El epíteto, esa expresión que destaca de modo a veces poético, a menudo metafórico, la significación de un individuo, tiene certeza de perennidad en la historia de Cuba.

Decimos El Apóstol, el Generalísimo, el Titán de Bronce, el Padre de la Patria, y ya no se precisan los nombres de los aludidos, porque sus epítetos los retratan con absoluta exactitud en su grandeza.

Cuando el General de Ejército Raúl Castro afirmaba que en nuestro país hay un solo Comandante en Jefe, acuñaba una verdad por todos admitida.

Hoy, aunque las atribuciones militares de un guía de ese rango hayan desaparecido para Fidel tras su extinción física, la jerarquía que lo distinguió durante su mandato sigue intacta, y los cubanos nos resistimos a llamar de otro modo al líder que nos inculcó que la orden de combatir está dada siempre. 

Energía cósmica

Mucho antes de que en los muros del cuartel Moncada se estamparan las huellas del homenaje a José Martí en el centenario de su natalicio, el nombre del bisoño Fidel Castro resonaba en la escalinata universitaria y en las combativas tribunas de la juventud ortodoxa.

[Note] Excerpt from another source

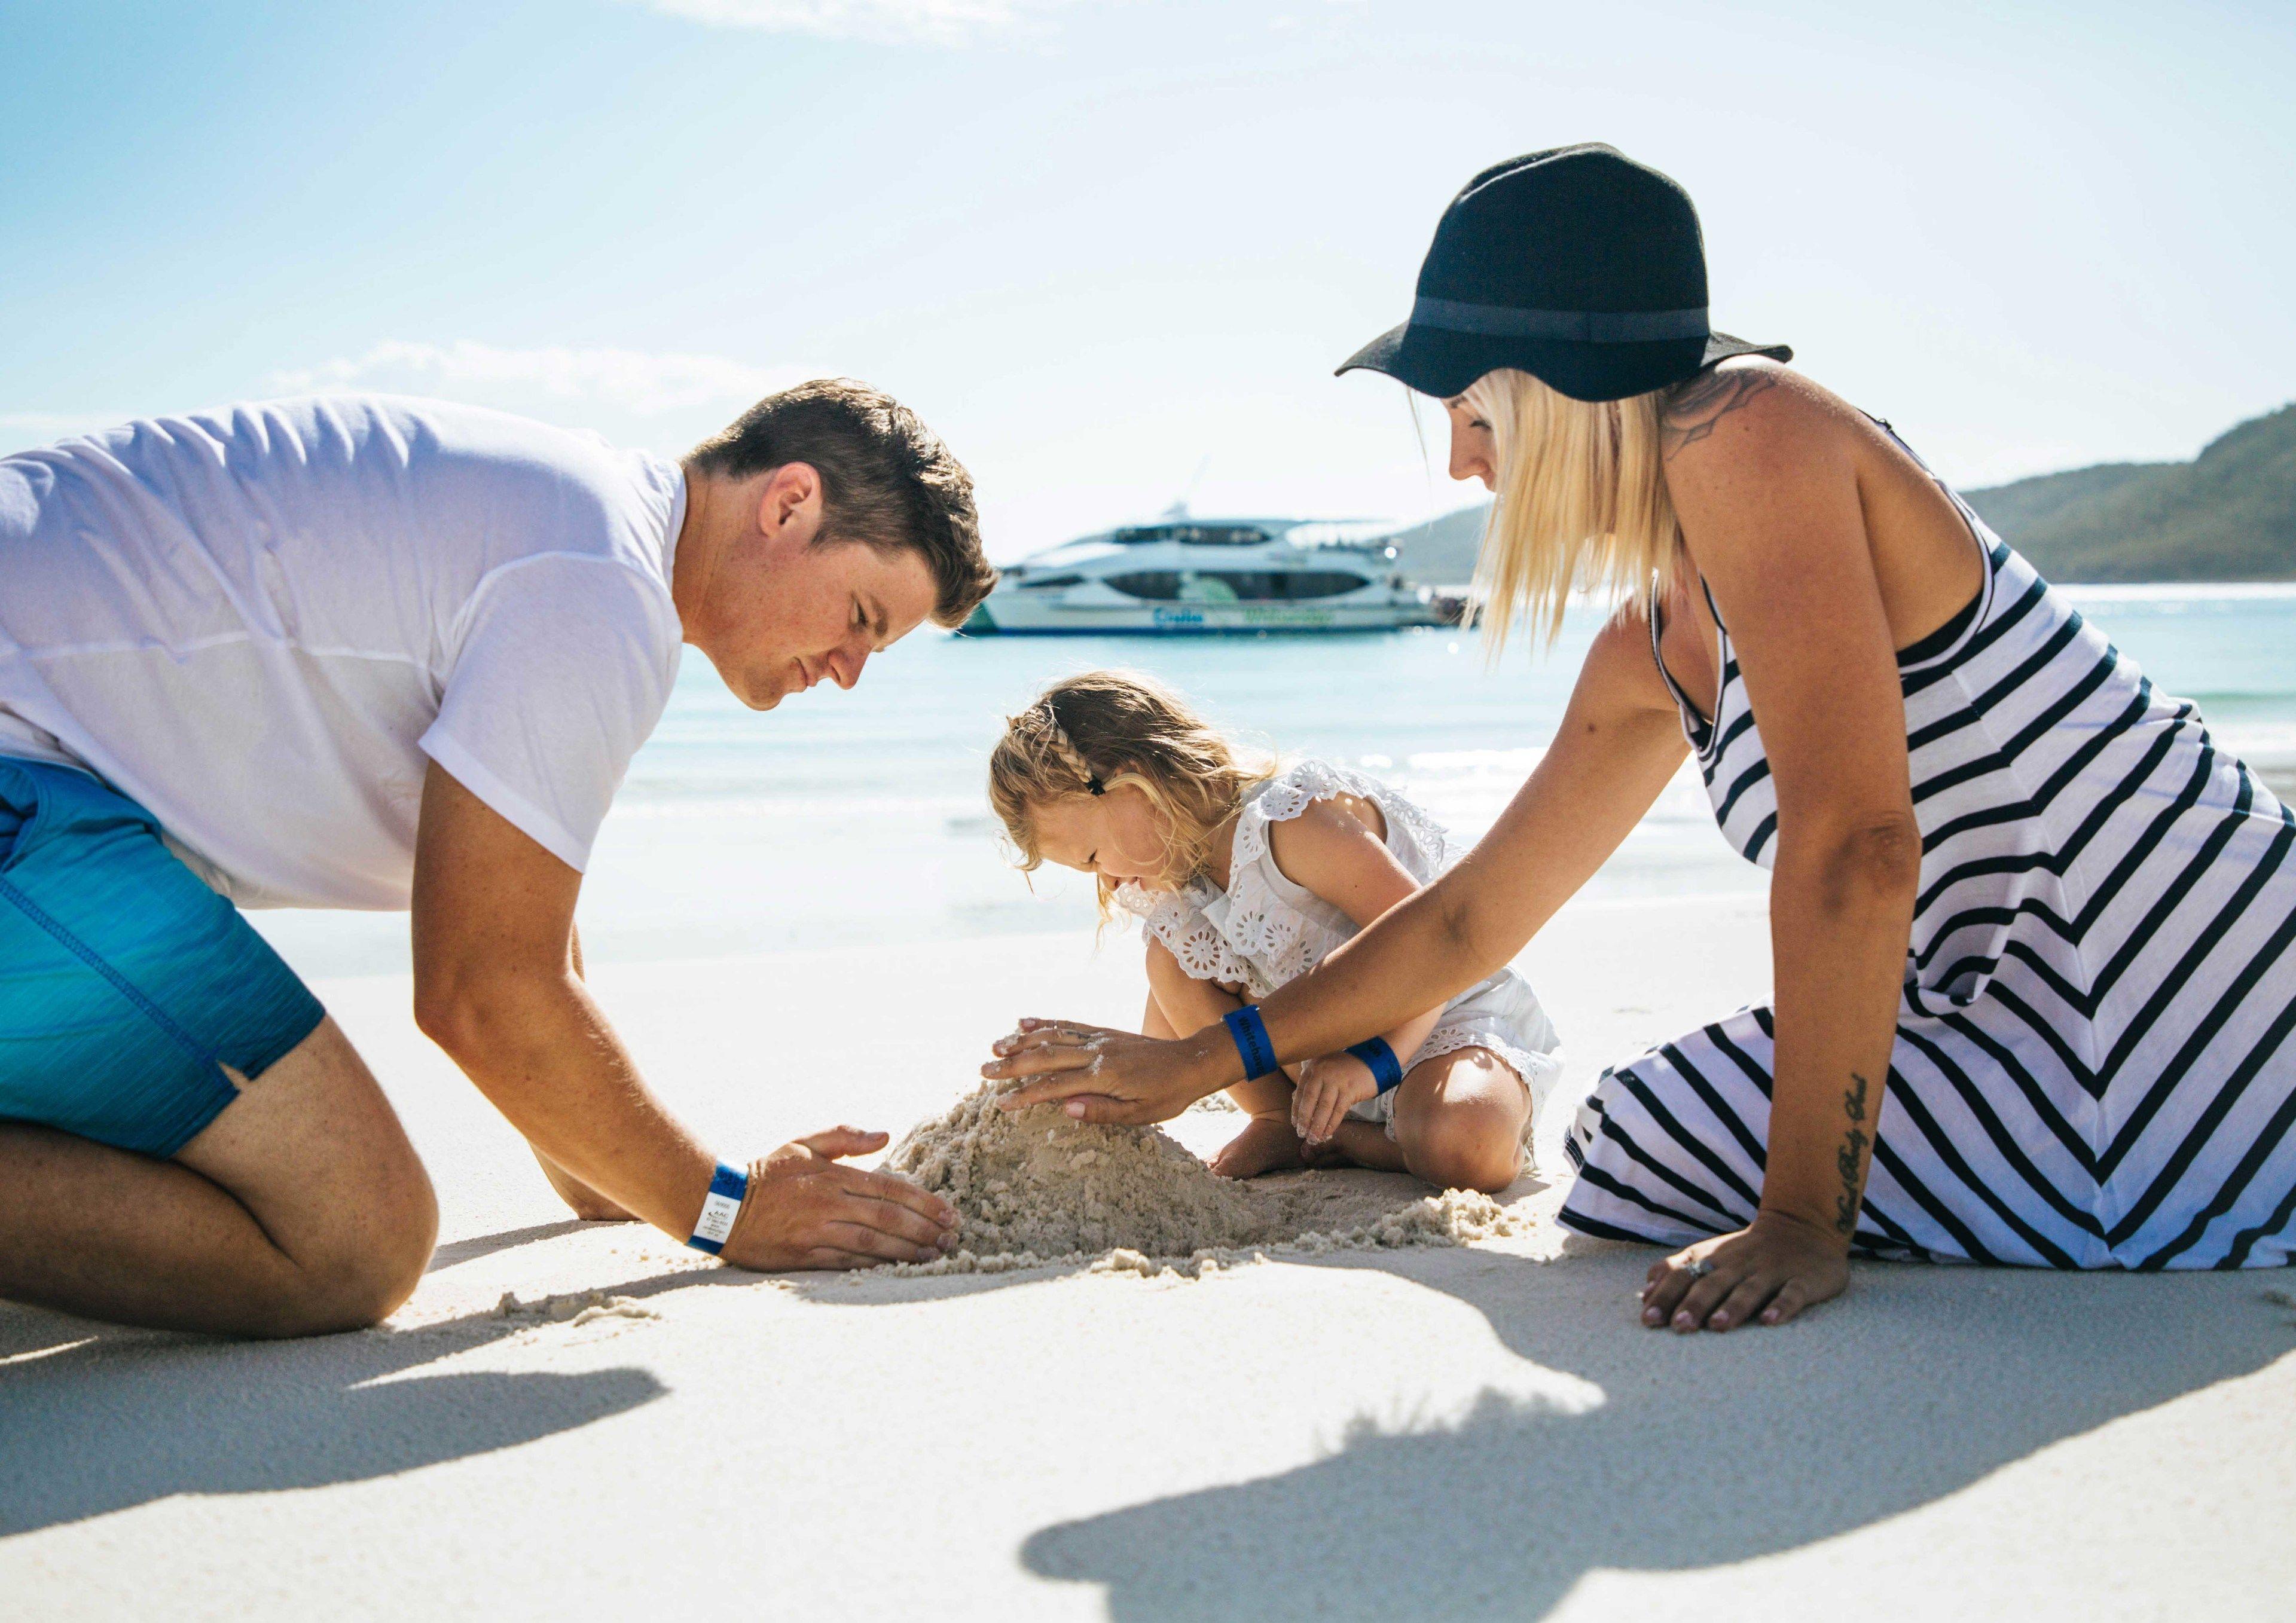 Whitsunday Island & Whitehaven Beach Half-Day Cruise

Después de la Sierra Maestra su huella quedaría impresa en cada acción transformadora y en todos los renuevos emprendidos por la Revolución en nuestro país y más allá de las fronteras de la Isla.

Su voz tuvo expansión universal y sus decisiones contribuyeron a la transformación del mundo contemporáneo, con la trascendencia que solo alcanzan los hombres de energía cósmica real.

Por eso sigue siendo el Comandante en Jefe, y su orden de combatir está dada siempre.